Where reading is concerned, a big part of your ability is going to have to do with whether or not you learned how to do it at a young age. Just like playing the violin or something. In other words, learn to read by four, you’ll have a completely different level of ability compared to if you learned to read at seven. And if you are weak because you learned to read at seven, damn right it’ll feel like there are wires in your brain that are crossed. That’s because your brain was “designed” by evolutionary forces to do more primal things like ducking when you see something coming at you, or urinating when you have to…thousands of years before it was “designed” to read.
If you think this is turning into a rant directed at lazy parents who don’t read to their kids, you’re right. These “dyslexic” kids seem to me, by & large, to be growing up in “American Idol” households, in which reading isn’t valued.
- mkfreeberg | 04/08/2009 @ 00:00I heat sexylaid.
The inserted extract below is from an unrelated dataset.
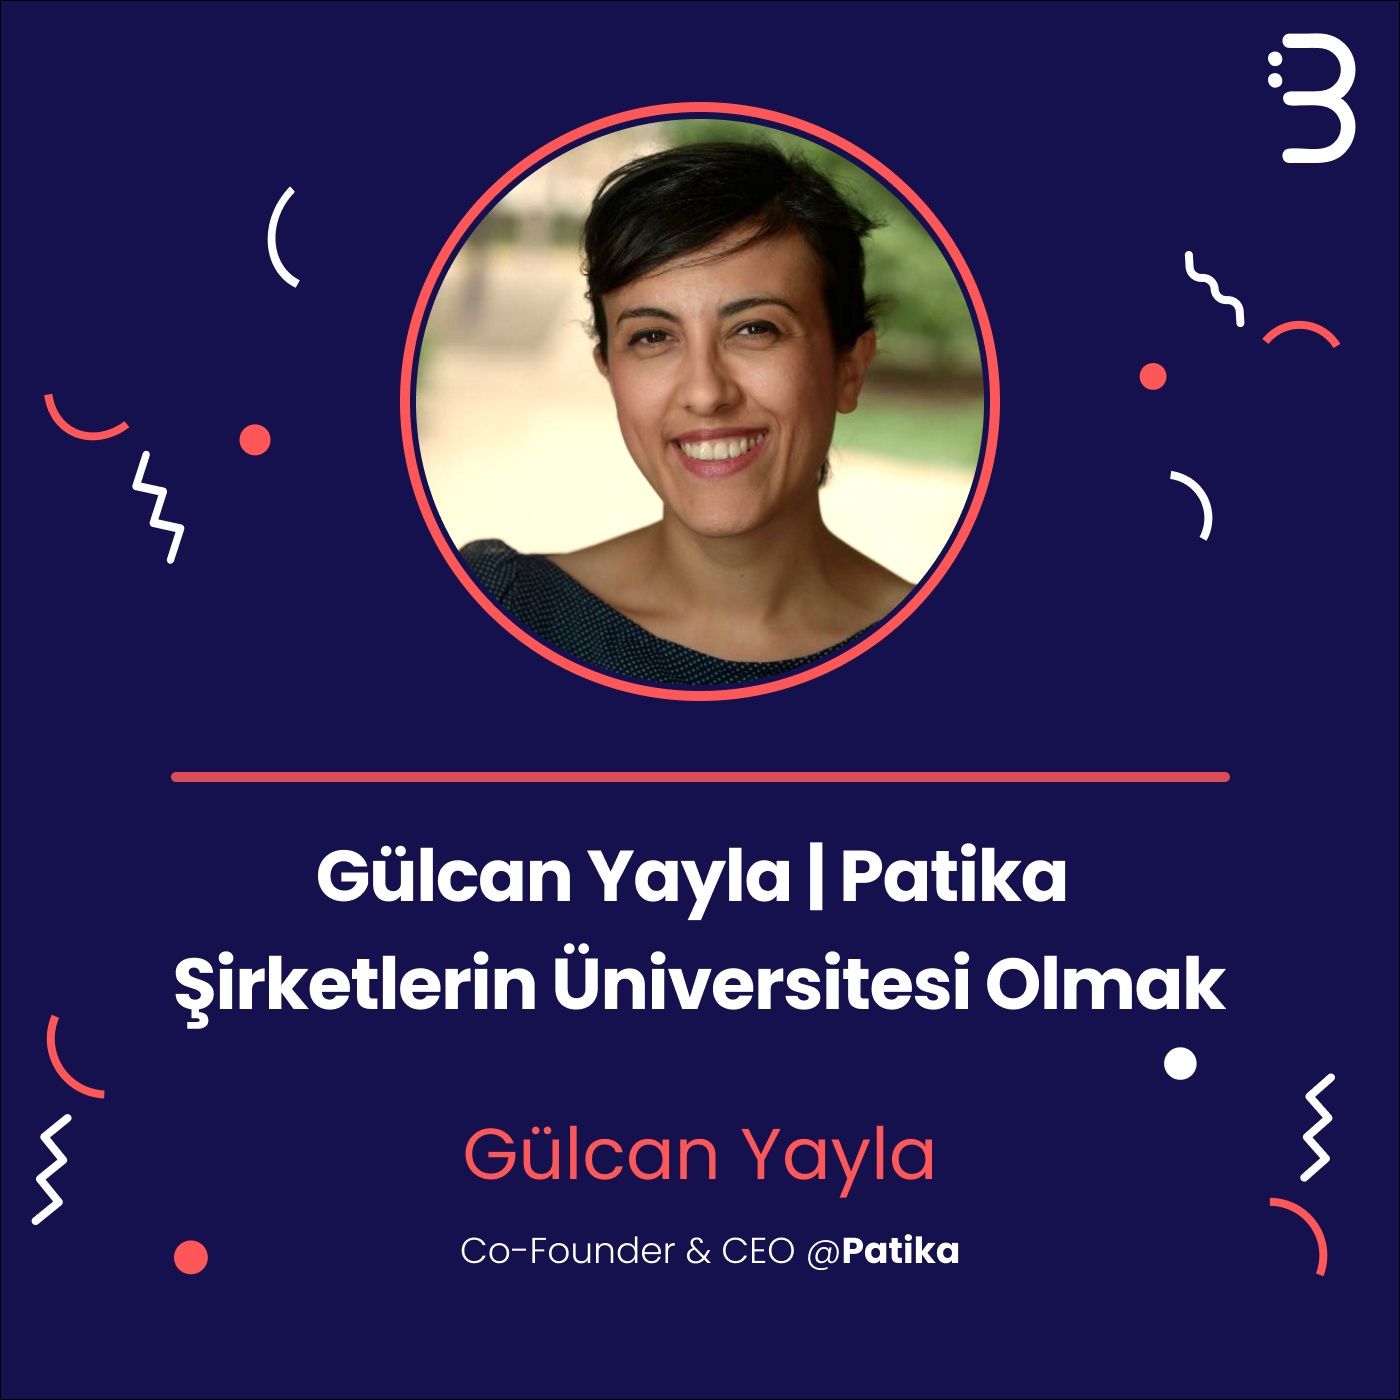 Gülcan Yayla | Patika - Şirketlerin Üniversitesi Olmak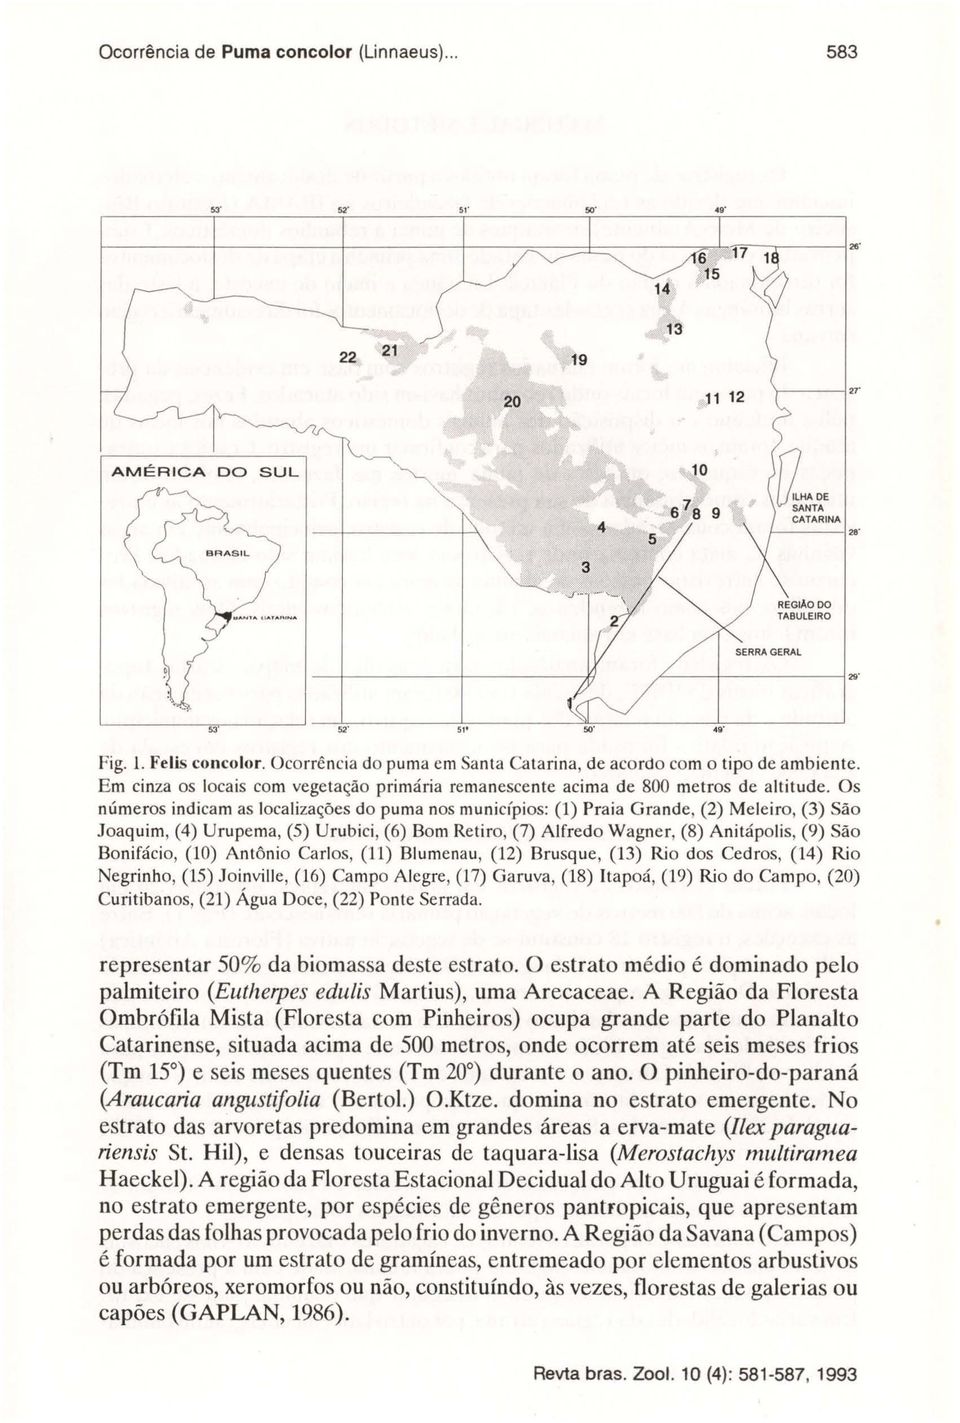 Os números indicam as localizações do puma nos municípios: (1) Praia Grande, (2) Meleiro, (3) São Joaquim, (4) Urupema, (5) Urubici, (6) Bom Retiro, (7) Alfredo Wagner, (8) Anitápolis, (9) São

- smitty1e | 04/08/2009 @ 04:31I have 3 children. The eldest could read with about a 200 word vocabulary at 2-1/2 yrs old. Her choice. My youngest was reading on the 2nd grade level in kindergarten. The middle child? He had the same reading aloud the other two got, but didn’t get how to read. He got reading specialist help in primary years, and still lagged. By 5th grade he thought he was stupid. We enrolled him in a school for Dyslexics and/or gifted children. As a result, I saw what a competent program could do. As I retired from the Navy, I took their summer teaching program, then homeschooled that boy for 7th and 8th grades and brought him to grade level. In high school he didn’t progress and scored in the 19% in language skills on the state test. I pulled him his junior year and re-homeschooled him. He went up to the 62% on the test. He’s in the military, is married and has a child of his own and is doing well now. Dyslexia is real. Brain scans show that different processing is taking place, it’s basically a sequencing problem. As to an overused diagnosis? It would not surprise me. If your child is struggling and you have the choice of him being 1 of 25 kids in a class with no extra help, or in a small class environment with teachers and aides with extra training, which would you choose? Funny, what works with many dyslexics, also helps other people who struggle. It’s a very systematic approach to teaching phonics and spelling. It’s not the only approach that can be effective with poor readers. I sub in special ed classes, and some kids need a different method. A more pictorial recognition of words, not how to sound out the words. Please do NOT tar all parents as being lazy when their child has been diagnosed as being dyslexic. I worked with my son, ineffectively for years, 2 hours a night of heartbreaking effort on language arts homework minimum, then found that more effective instruction (still with hard work since he was older… 20 min of daily intervention in 1st grade is equivalent to 2 hours intervention in 5th grade) made all the difference in the world.